Cofondatrice de l’Oasis « le Coq à l’âme » à Cellettes en Charente, Danièle Bacheré s’est engagée coeur et âme dans l’expérience grandeur nature de cet éco-village. Retour sur son trajet de vie, des clés qui l’ont amené à vivre en collectif en toute sobriété, et sur sa vision des ruralités engagées.
Il est des gens qui ont un coup d’avance, voir deux, c’est certain.
Certainement mus par le désir de liberté, de justice, et de faire société en toute équité, ils ou elles s’engagent complètement et profondément. C’est le cas de Danièle Bacheré, qui, longtemps multi-entrepreneuse à Bordeaux, éprise de l’air du temps à chacune de ses initiatives, – qui pour offrir un service de restauration à domicile sur table, qui pour restaurer du mobilier ancien -, a un jour opéré un pas de côté en décidant de s’occuper des autres.
En accompagnant les parcours de vie de ses concitoyens, Danièle a ainsi tracé le sillon pour son propre parcours, et celui pour lequel elle se passionne totalement, l’intelligence collective.
« J’étais déjà ouverte au monde et la synthèse s’est matérialisée autour des années 2000 avec le mouvement des Colibris et les thèses de Pierre Rabhi pour lesquels je me suis engagée. Pour moi, tout y était, le rapport à l’éducation, l’autonomie alimentaire, la sobriété et surtout mettre enfin l’humain et la nature au cœur du développement. »
Elle crée en somme le terreau fertile pour lancer le prochain chapitre de sa vie.

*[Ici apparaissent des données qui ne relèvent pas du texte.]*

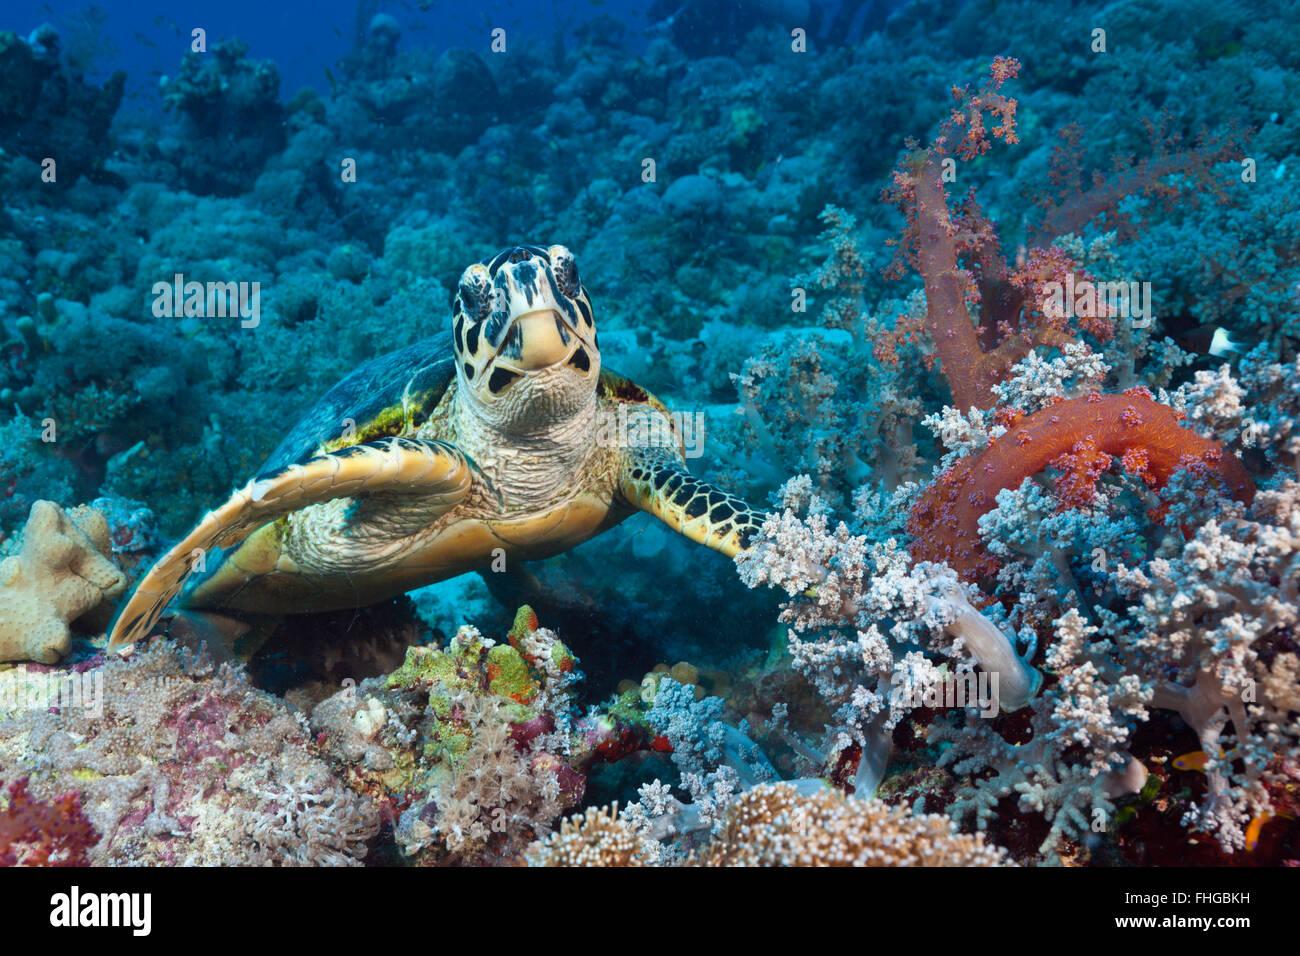 Hawksbill Sea Turtle, Eretmochelys imbricata, Red Sea, Ras Mohammed, Egypt - Stock Image

Danièle devient en toute logique actrice au sein du Mouvement Colibris qui, à l’époque grandit au rythme des idées de son fondateur, c’est à dire vite.
Attachée à la mise en œuvre de ses pratiques de développement personnel au service de la gouvernance partagée de l’association, elle contribue à la création du Cercle Cœur Colibris Bordeaux, et anime de nombreuses rencontres publiques lors des campagnes » (R)évolutions des Colibris », jusqu’aux rencontres régionales autour de la création des Oasis en 2014. Partie comme une blague lancée en toute utopie par son directeur, Mathieu Labonne, l’idée de créer partout sur le territoire des Oasis pour répondre à “la désertification humaine, économique et morale dans nos sociétés modernes », prend vite et met le projet en orbite. Consciente qu’un nombre croissant de personnes aspirait parallèlement à des lieux et des modes de vie différents, portant des valeurs de partage, de convivialité, et d’autonomie, l’ONG accueille près de 1000 projets après un an de lancement de l’opération Oasis.
Danièle fait partie de ceux là. En 2016 elle devient instigatrice d’ un projet d’oasis de 20 foyers, l’Oasis du Coq à l’Âme.
« Nous devions d’abord éprouver la force du collectif et faire grandir cette idée en nous, avant de réaliser concrètement la construction d’un éco-hameau. C’était pour nous une des clés de réussite du projet, pour faire croitre le NOUS comme d’une entité forte. »
Il faut bien comprendre alors que pour Danièle, tout comme pour ses 30 coreligionnaires, l’idée est de créer une colonne vertébrale puissante qui puisse soutenir ce futur oasis, et notamment autour d’engagements sociétaux véritablement novateurs.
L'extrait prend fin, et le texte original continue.